Until this build completes, grass may appear in the editor viewport (because the material graph runs on-the-fly for the editor) but be completely absent in PIE and packaged builds. If you are seeing editor-only grass, you have almost certainly skipped this step. A full Build All also generates grass maps, but Build Grass Maps is much faster if you only need to refresh them after a material or paint change.
Tune Density, Distances, and Streaming
Open your Landscape Grass Type asset. For each variety in the Grass Varieties array, check these fields:
- Grass Density: instances per 10m². Typical values are 400–1000 for dense grass. A value below 10 will look empty.
- Start Cull Distance / End Cull Distance: the range in Unreal units (cm) at which instances begin fading and finish fading. Defaults are often 10000/10000, which is 100m — too short for most outdoor worlds.
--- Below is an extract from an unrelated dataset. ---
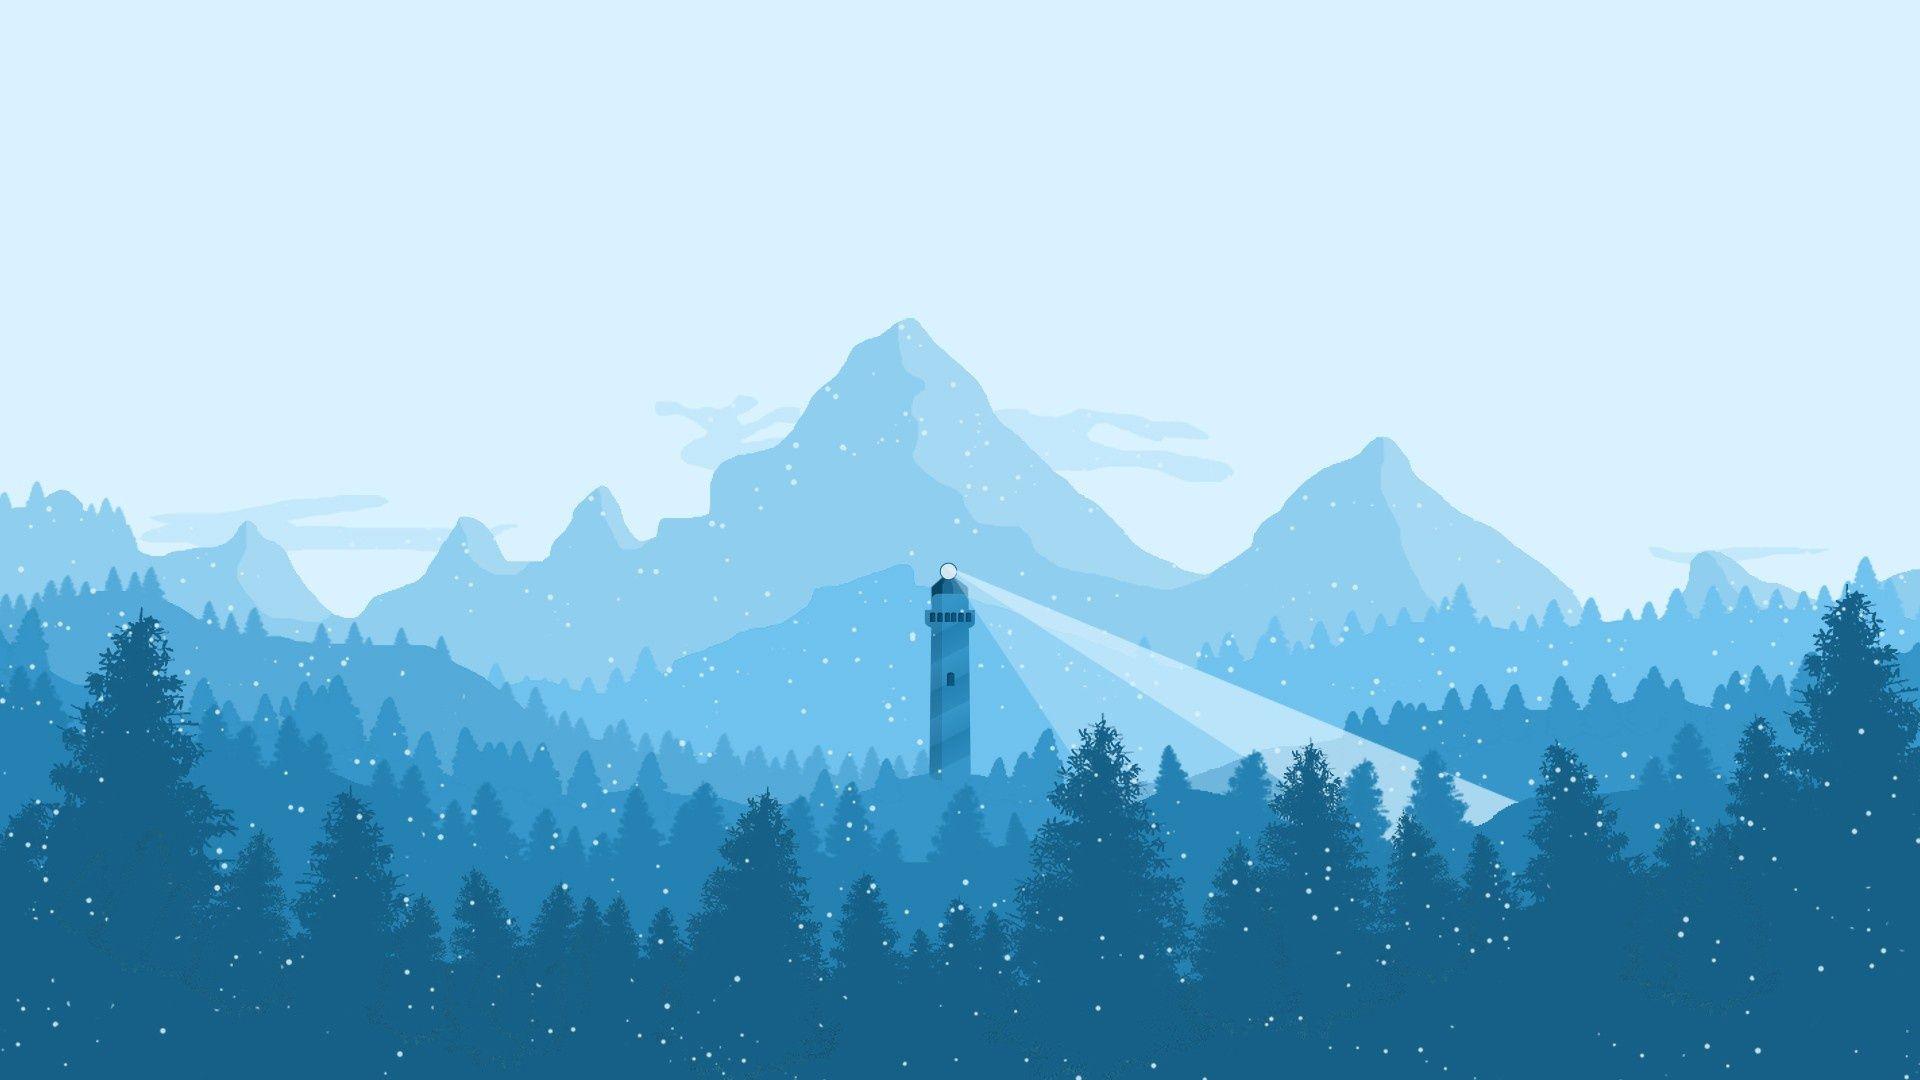 firewatch wallpaper,mountainous landforms,natural landscape,nature,mountain,mountain range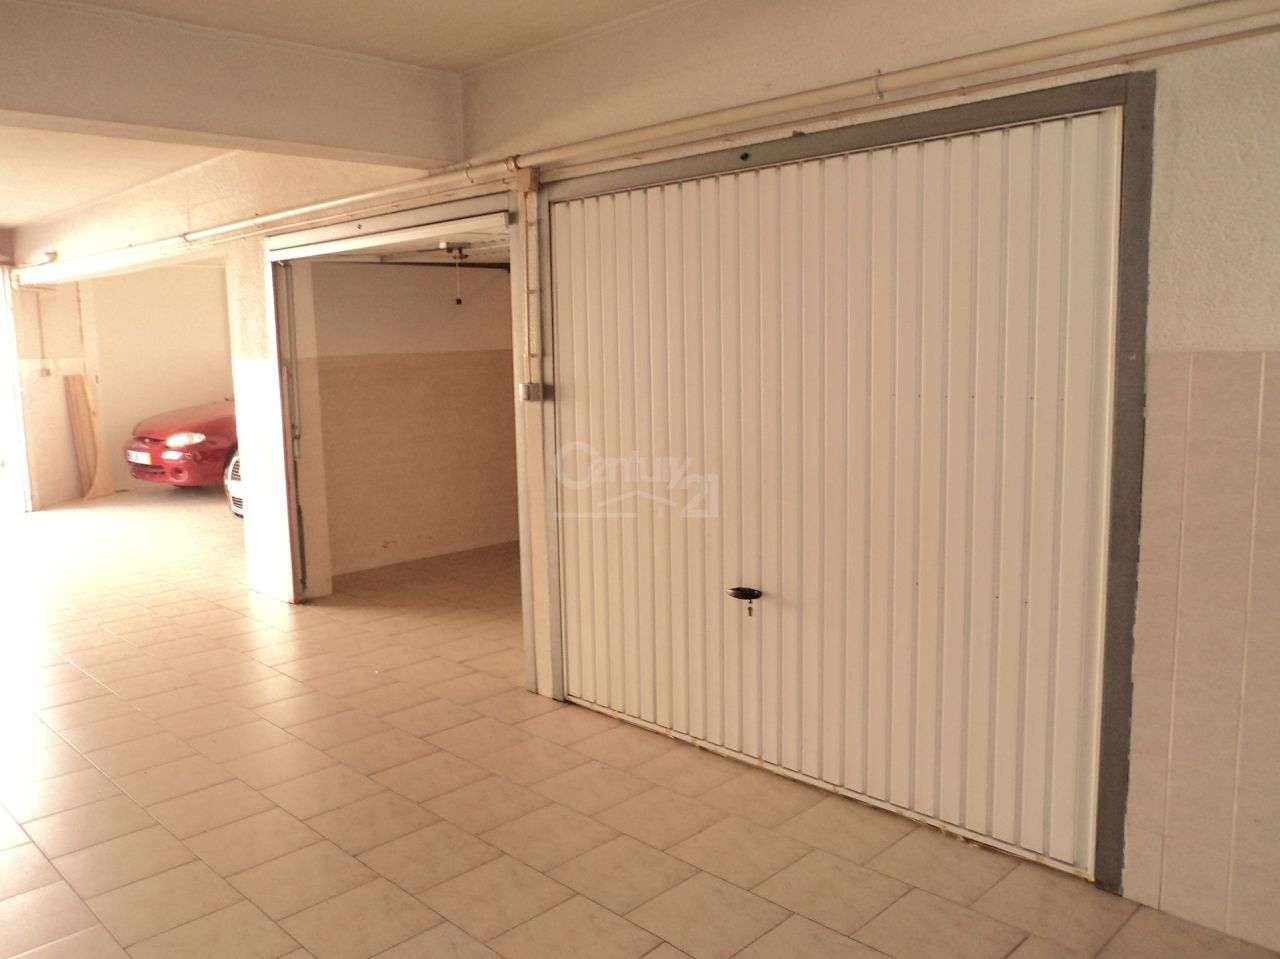 Apartamento para arrendar, Barcarena, Lisboa - Foto 16

For a meadow, try 8000 and 20000.
- Place in Shadow: if disabled, grass will not spawn under shadow-casting meshes. Leave it on unless you have a deliberate reason.
- Use Grid: controls whether placements snap to a grid. Disabling it gives a more natural distribution but costs slightly more memory.
Also check r.GrassCullDistanceScale and r.RT.EnableGrass via the console. On some scalability presets these are reduced automatically — test at Epic quality before assuming the assets are broken.
“Landscape grass is a pipeline, not a switch. Three things must all be true at once, and if any one of them is false, you get nothing — not a warning.”
Related Issues
If grass spawns but disappears at mid-range, see Foliage Disappearing at Distance for cull distance volumes and LOD culling. If your landscape material itself renders strangely on slopes, read Landscape Material Stretching on Slopes for triplanar setup that also affects where grass samples correctly.
Material node, painted layer, built maps. Miss one and the whole pipeline silently eats your grass.